• [WORK INSTRUCTION]: Without the images, repeat every line of the listing verbatim.

• [AVAILABLE DATA]:
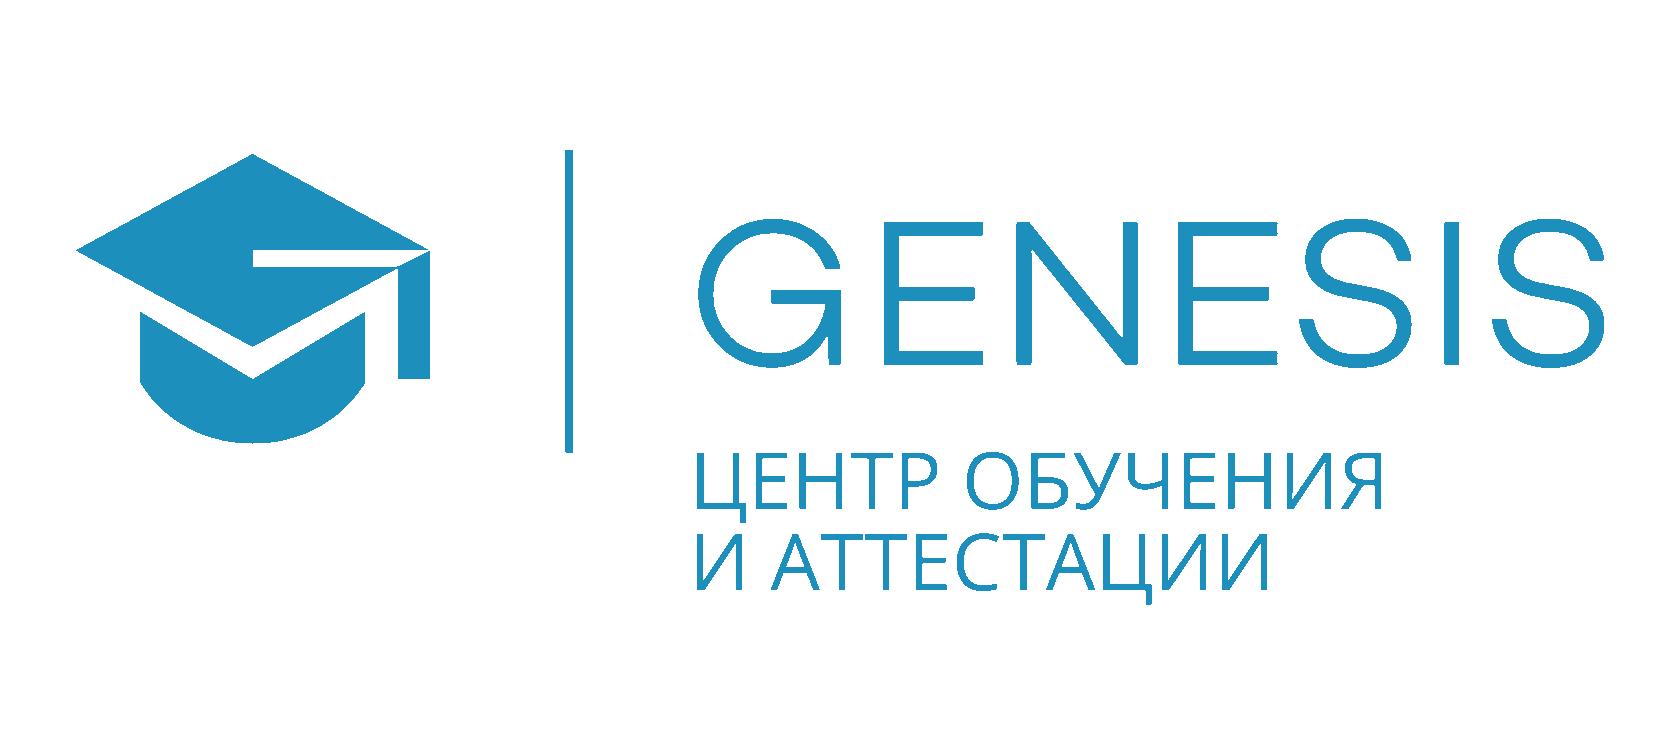 Центр обучения и аттестации Генезис
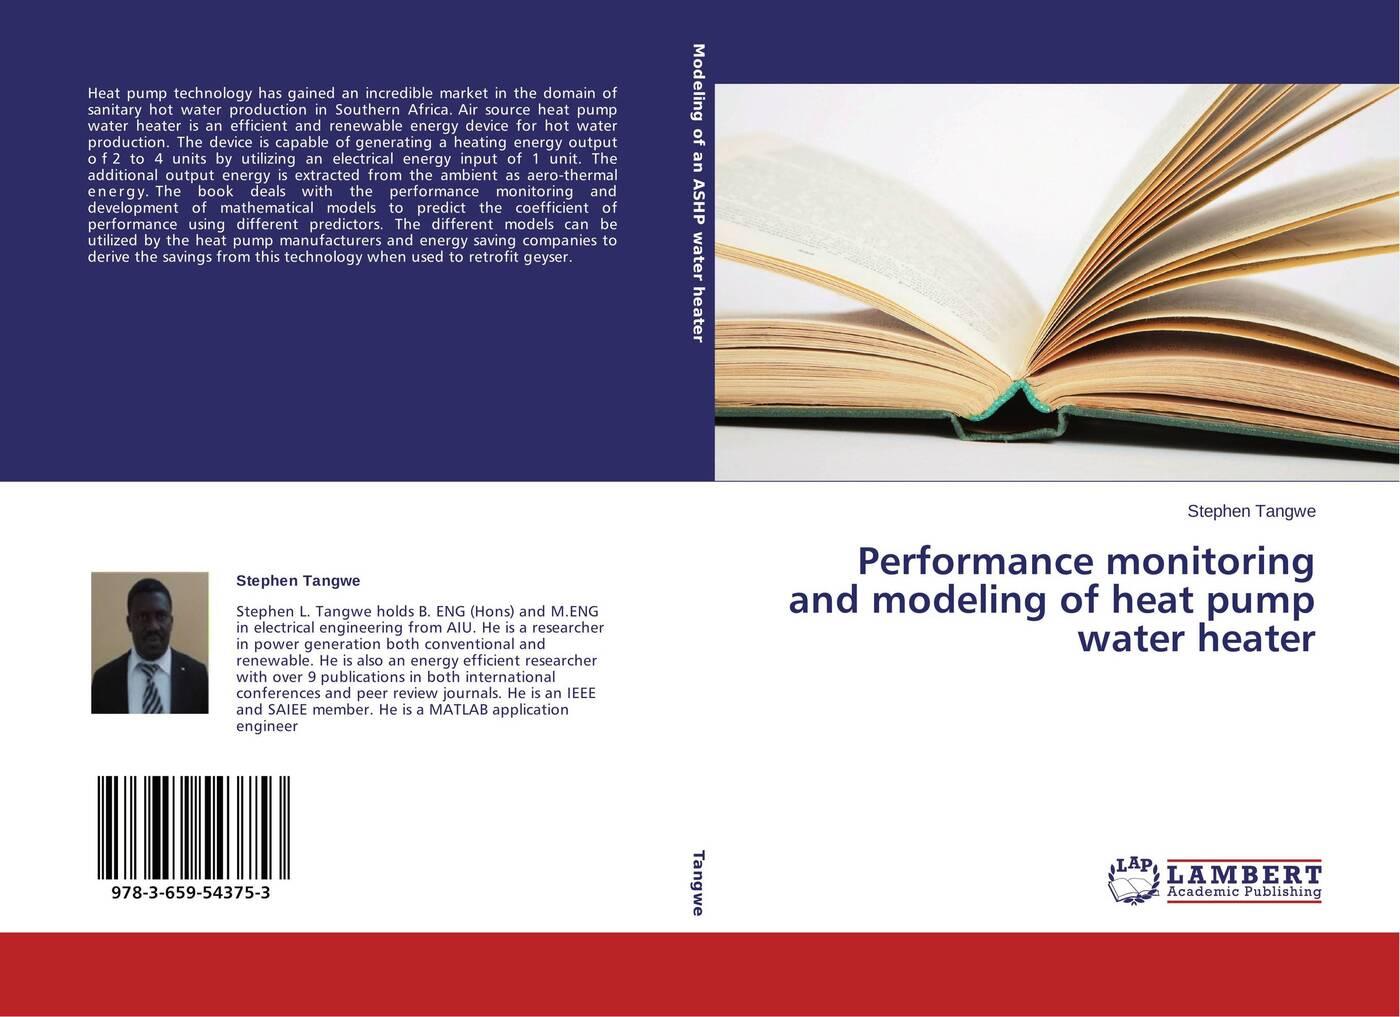 Stephen Tangwe Performance monitoring and modeling of heat pump water heater mujumdar arun s modern drying technology energy savings
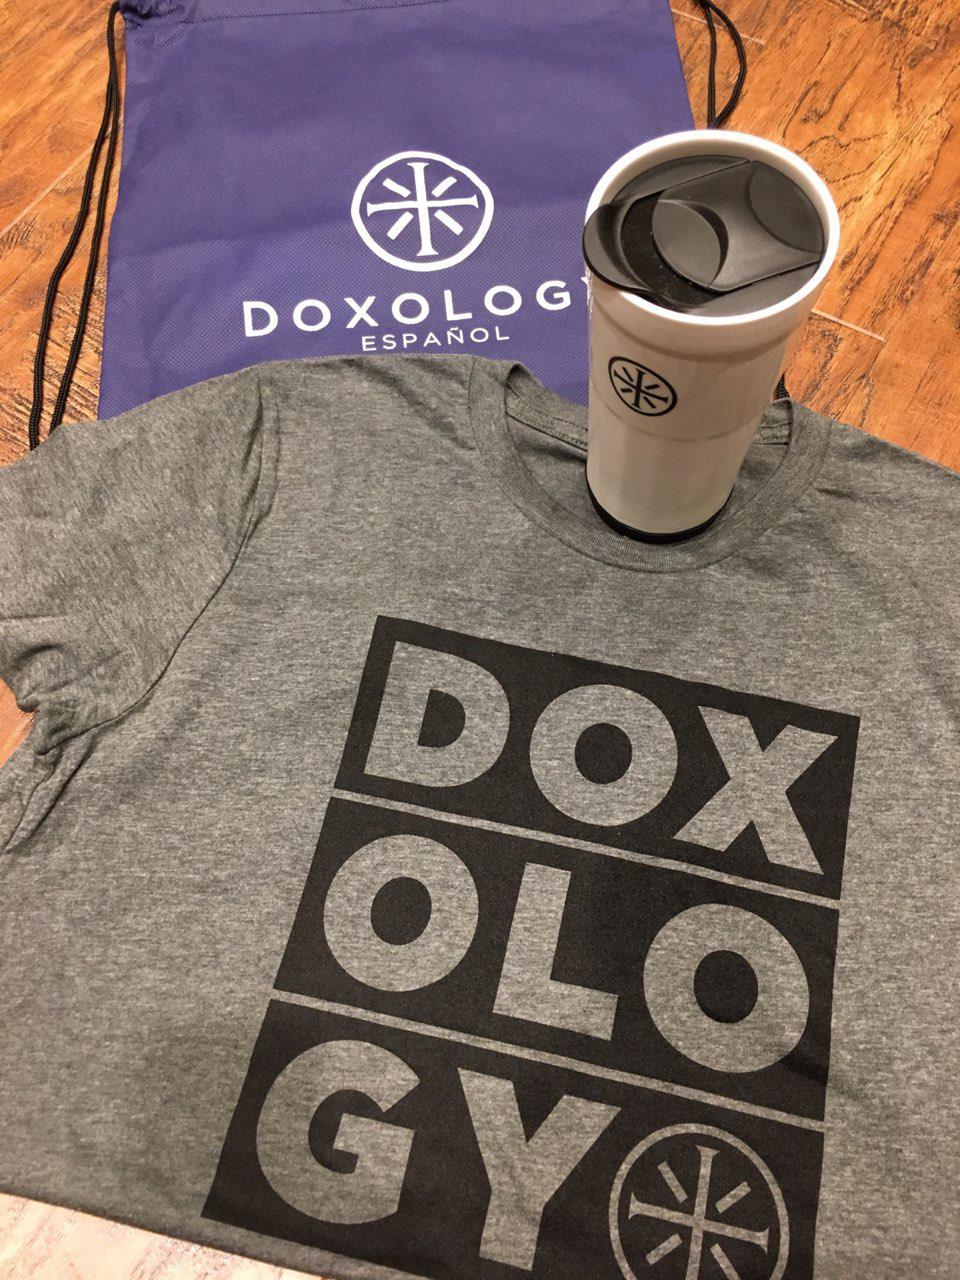 Doxology en Español image 3

• [YOUR RESPONSE]:
 Центр обучения и аттестации Генезис
 Stephen Tangwe Performance monitoring and modeling of heat pump water heater mujumdar arun s modern drying technology energy savings
 Doxology en Español image 3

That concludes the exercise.